Provided material Block Start

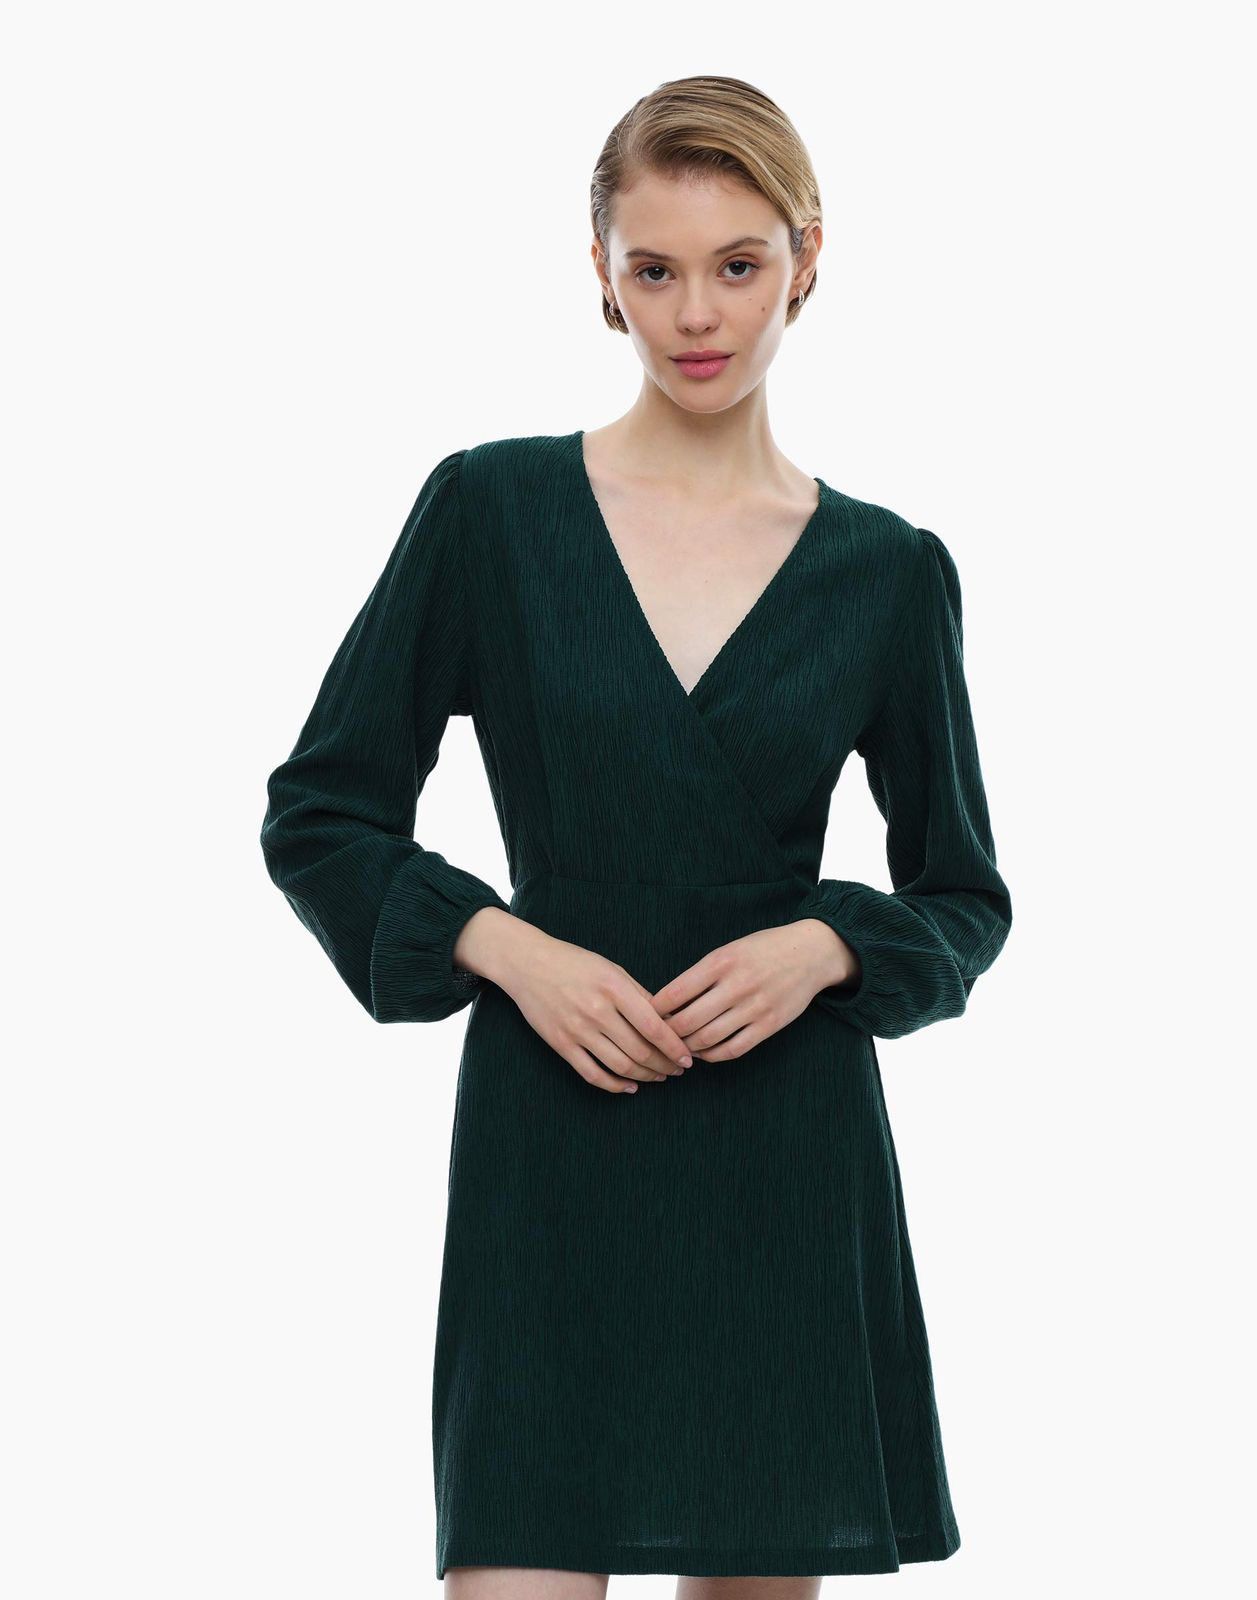 Платье женское Gloria Jeans GDR028010 зеленое L (48-50)
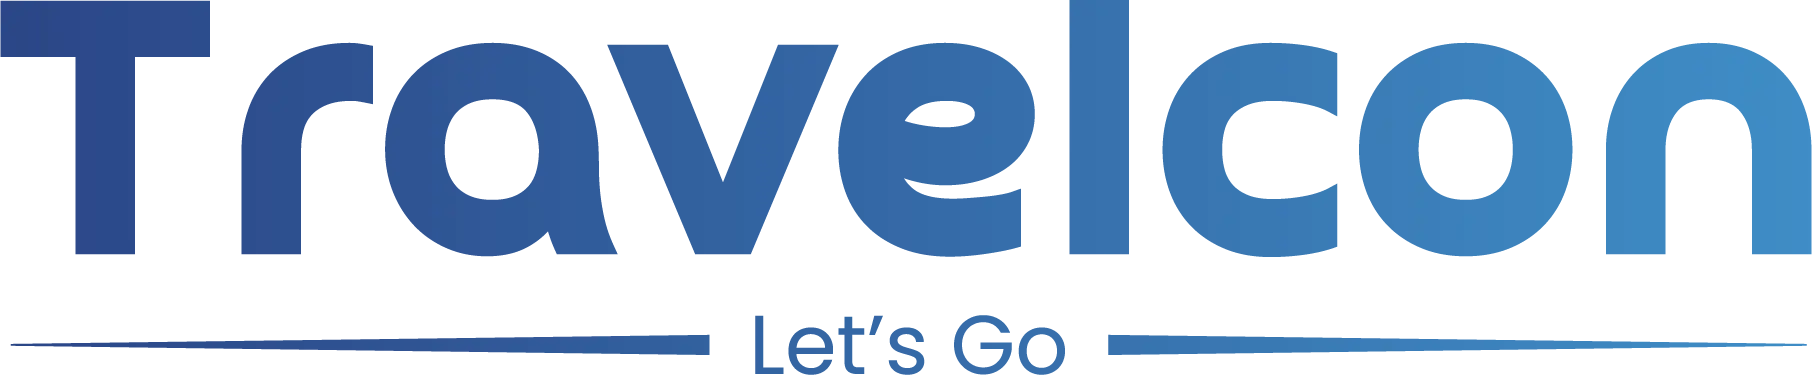 travelcon logo
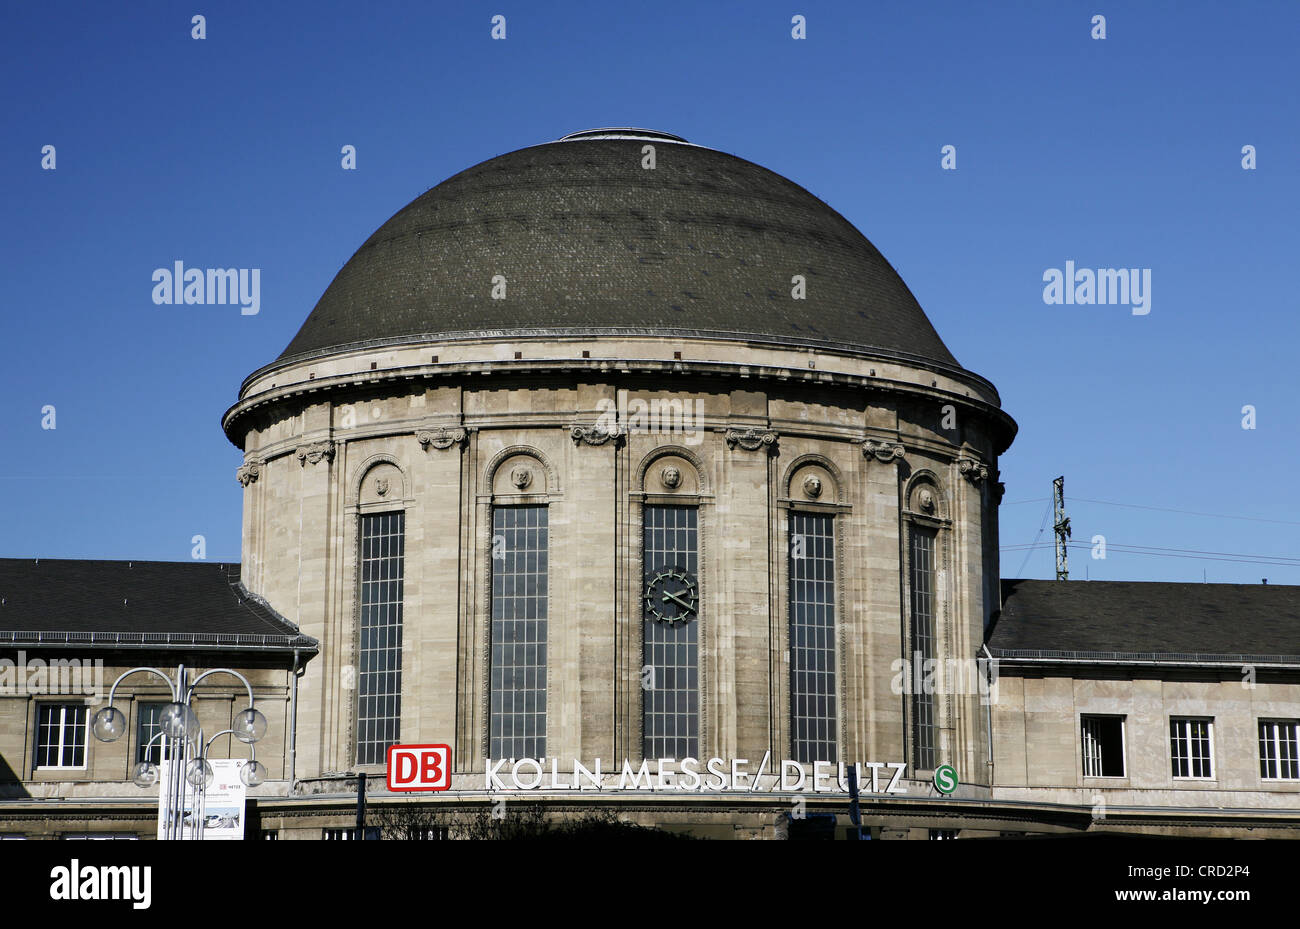 Historische Kuppelbau, Deutz Bahnhof Köln - Deutz, Köln, Nordrhein - Westfalen, Deutschland, Europa Stockfoto

Provided material Block End

» **Work item**:
An exact copy is needed of the lines running from the one with "travelcon logo" through the end of the data above, and of those lines only, without pictures.

» **Solution below**:
 travelcon logo
 Historische Kuppelbau, Deutz Bahnhof Köln - Deutz, Köln, Nordrhein - Westfalen, Deutschland, Europa Stockfoto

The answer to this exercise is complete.